● Data

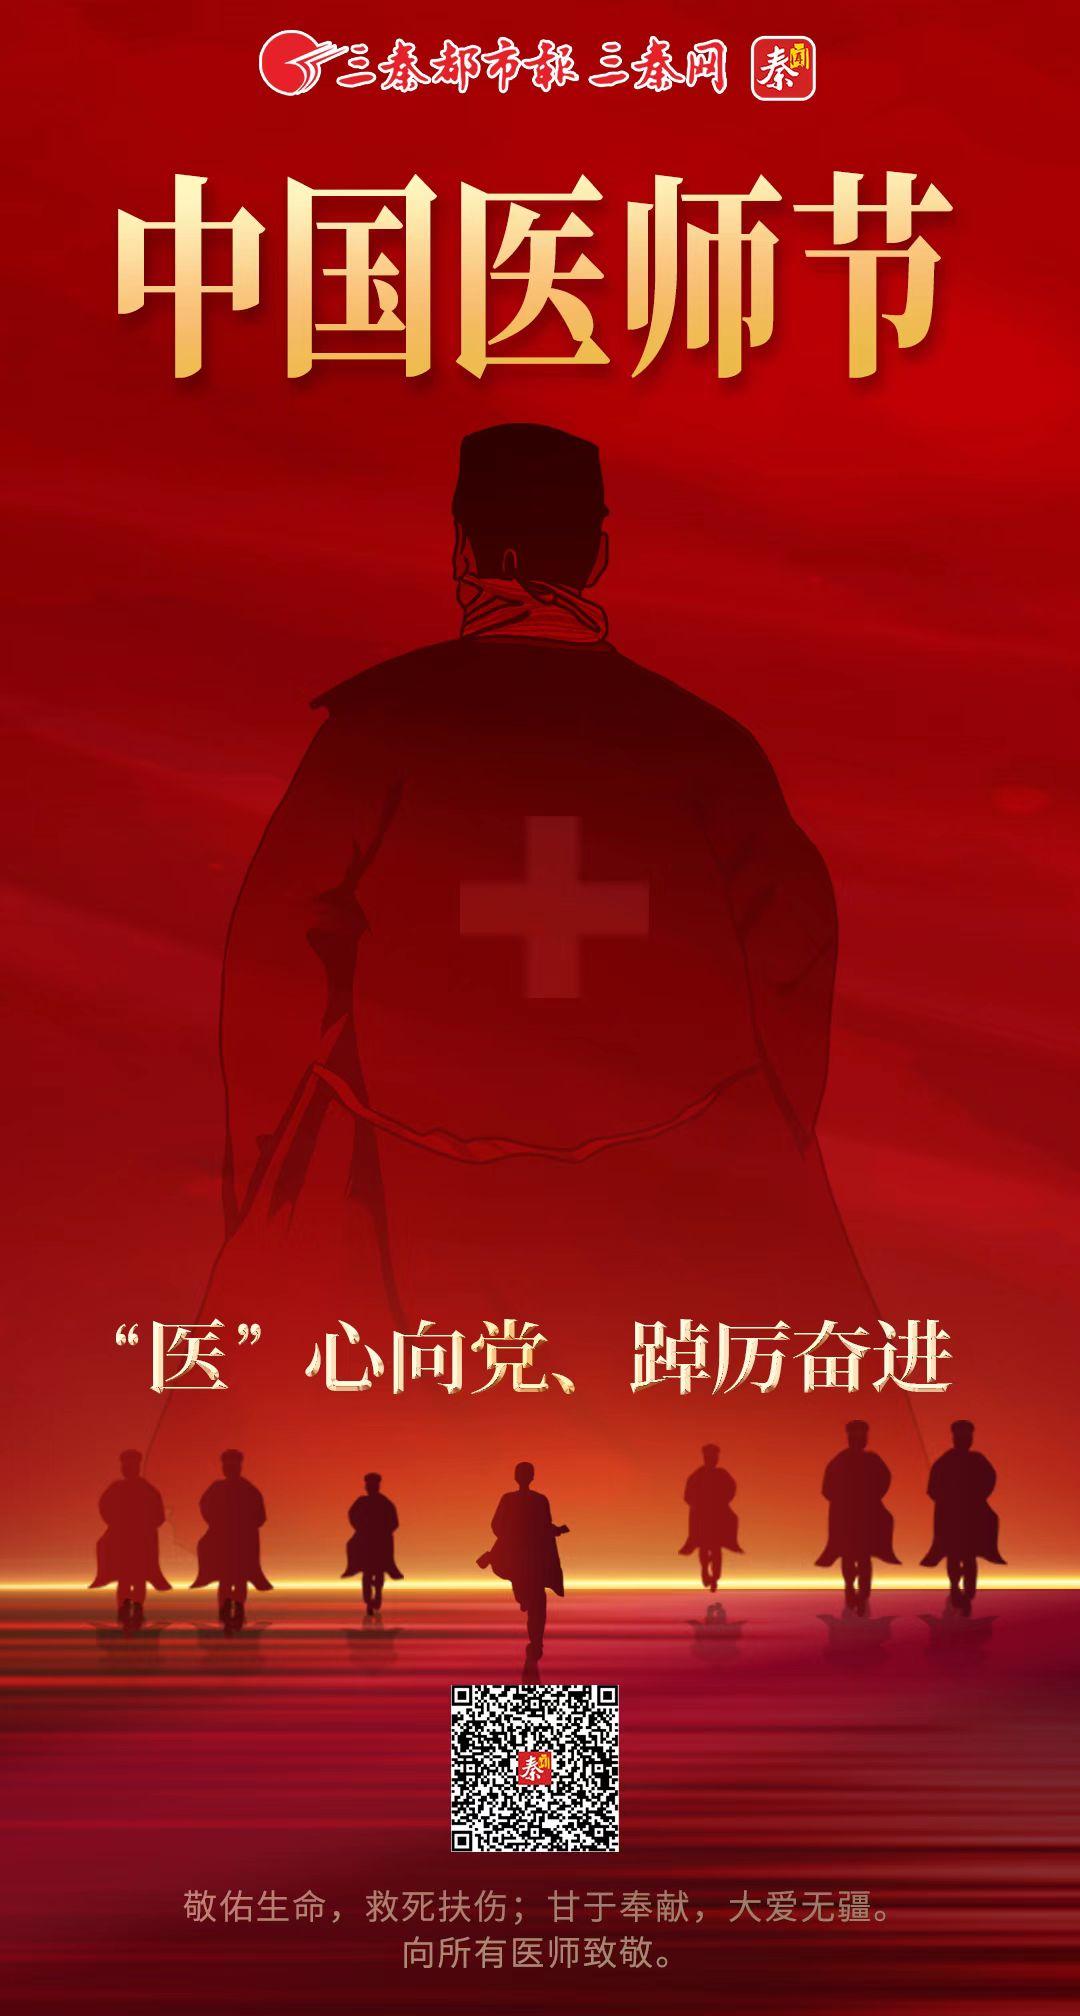 中国医师节丨敬佑生命，救死扶伤；甘于奉献，大爱无疆。向所有医师致敬。
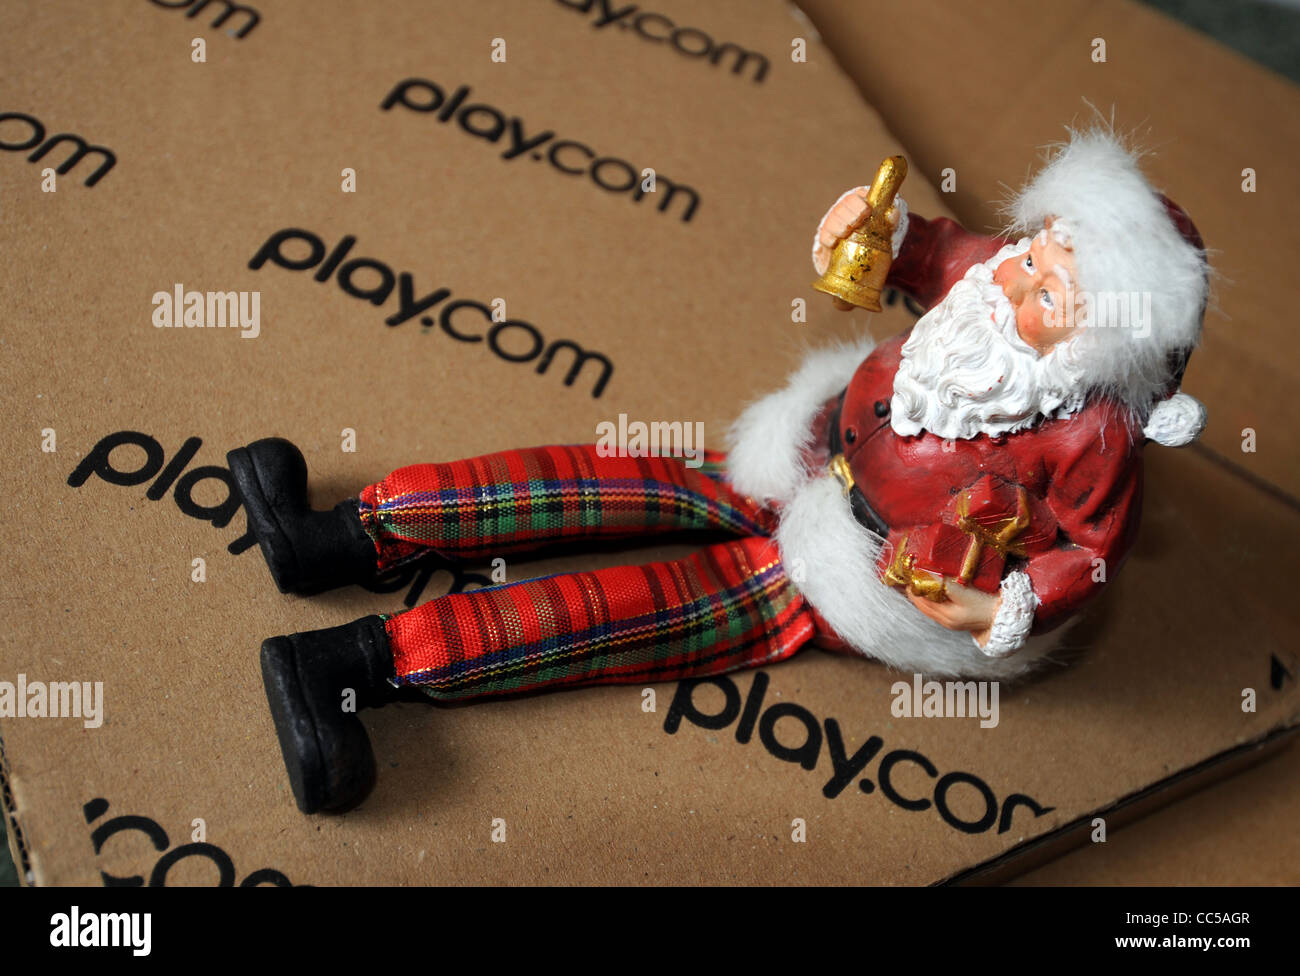 Online Einkaufen bei Play.com zu Weihnachten, UK Stockfoto
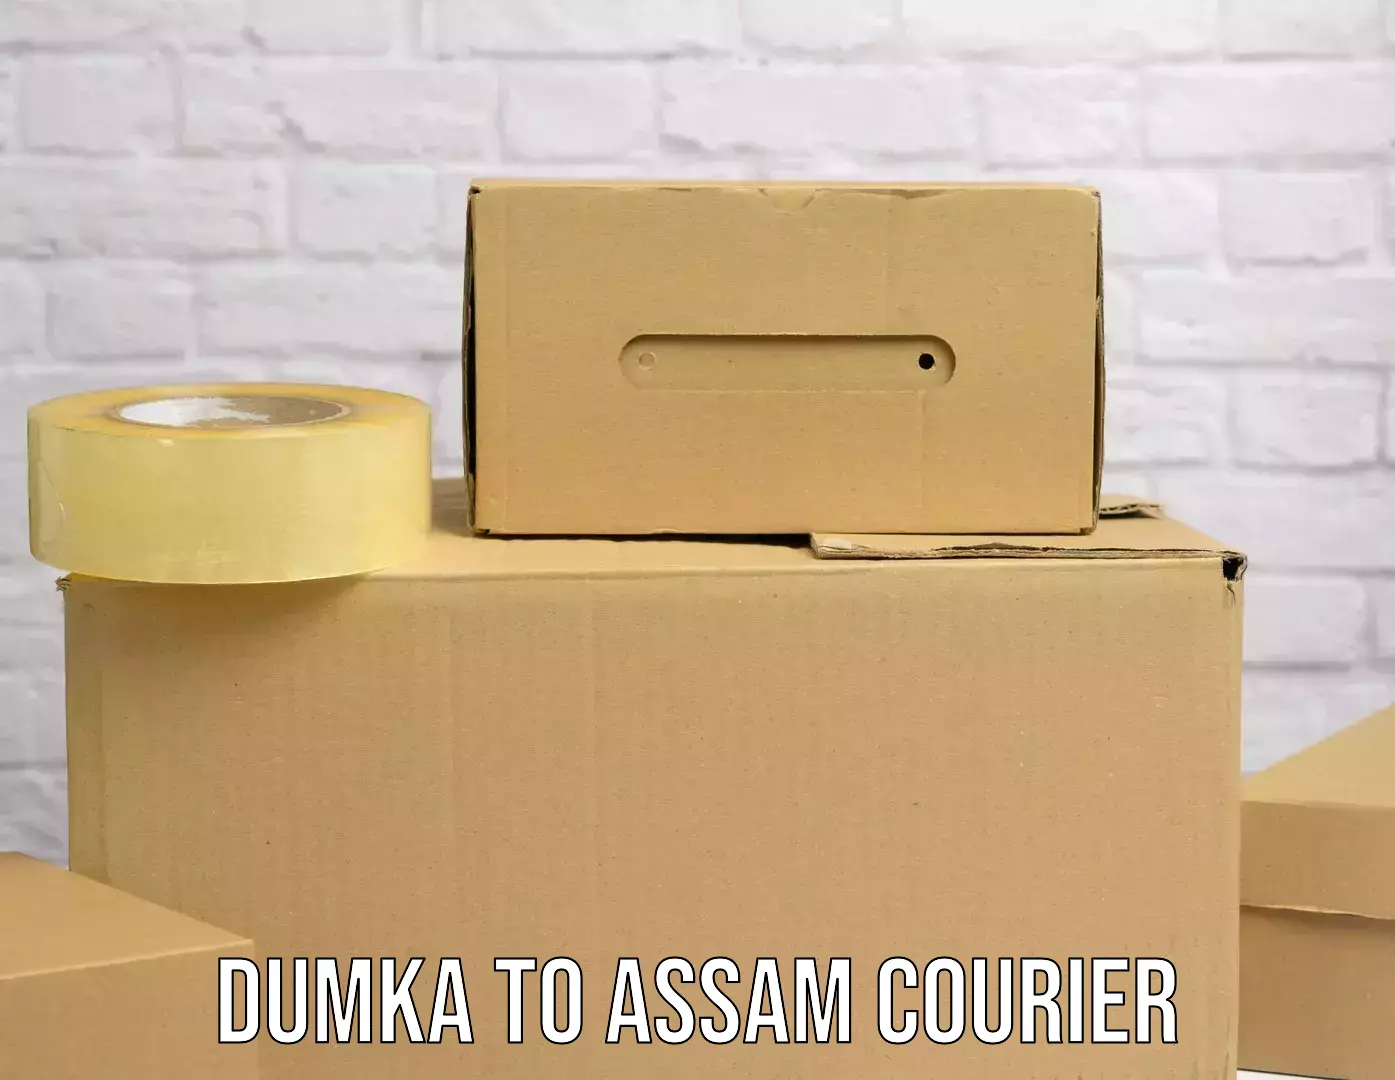 Modern courier technology Dumka to Assam
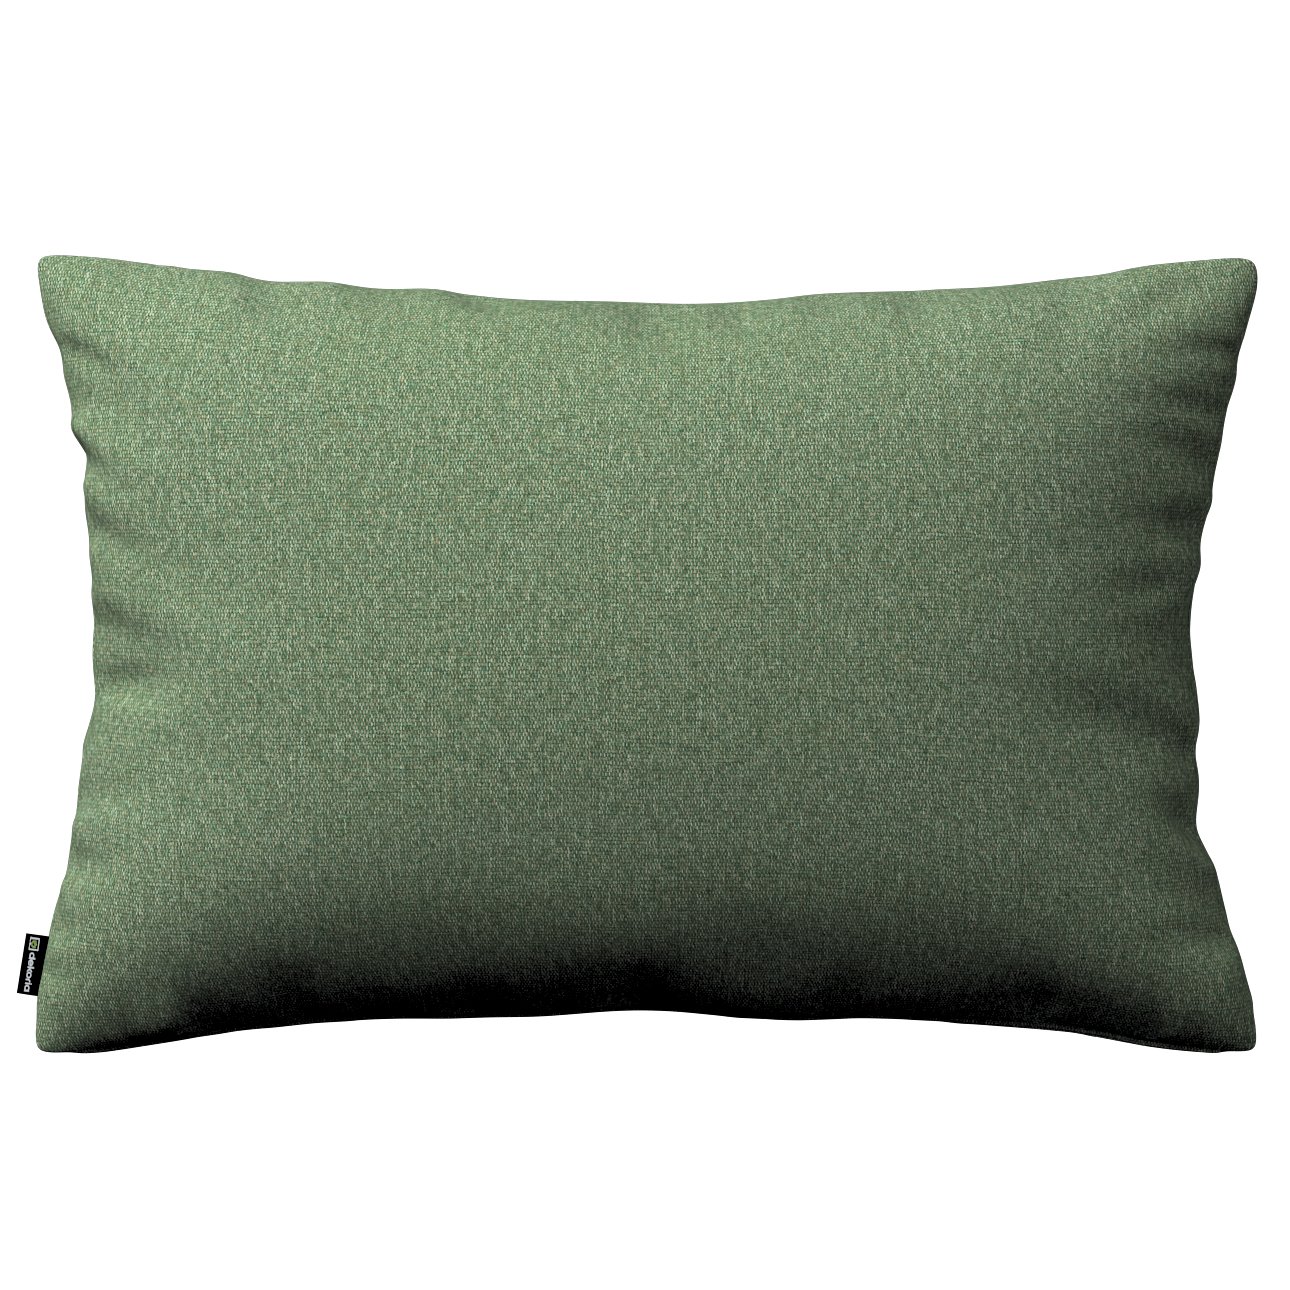 Dekoria Karin - jednoduchá obliečka, 60x40cm, zelená, 60 x 40 cm, Amsterdam, 704-44

● Aim of the exercise
Output the listing above exactly, excluding all pictures.

● Expected output
 中国医师节丨敬佑生命，救死扶伤；甘于奉献，大爱无疆。向所有医师致敬。
 Online Einkaufen bei Play.com zu Weihnachten, UK Stockfoto
 Modern courier technology Dumka to Assam
 Dekoria Karin - jednoduchá obliečka, 60x40cm, zelená, 60 x 40 cm, Amsterdam, 704-44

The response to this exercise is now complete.